_Aim of the task_: From the listing below, copy only the lines from the line that contains "Avala - Mo Fe" to the line that contains "Прэзентацыя зборніка сучаснай", counting those two lines as part of the copy.

_Provided entries_:
----------------------------------------

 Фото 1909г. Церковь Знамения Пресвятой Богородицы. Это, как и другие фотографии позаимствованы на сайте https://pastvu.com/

----------------------------------------

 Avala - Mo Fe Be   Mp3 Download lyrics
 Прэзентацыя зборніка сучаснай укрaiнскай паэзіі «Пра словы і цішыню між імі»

----------------------------------------

_Finished task_:
 Avala - Mo Fe Be   Mp3 Download lyrics
 Прэзентацыя зборніка сучаснай укрaiнскай паэзіі «Пра словы і цішыню між імі»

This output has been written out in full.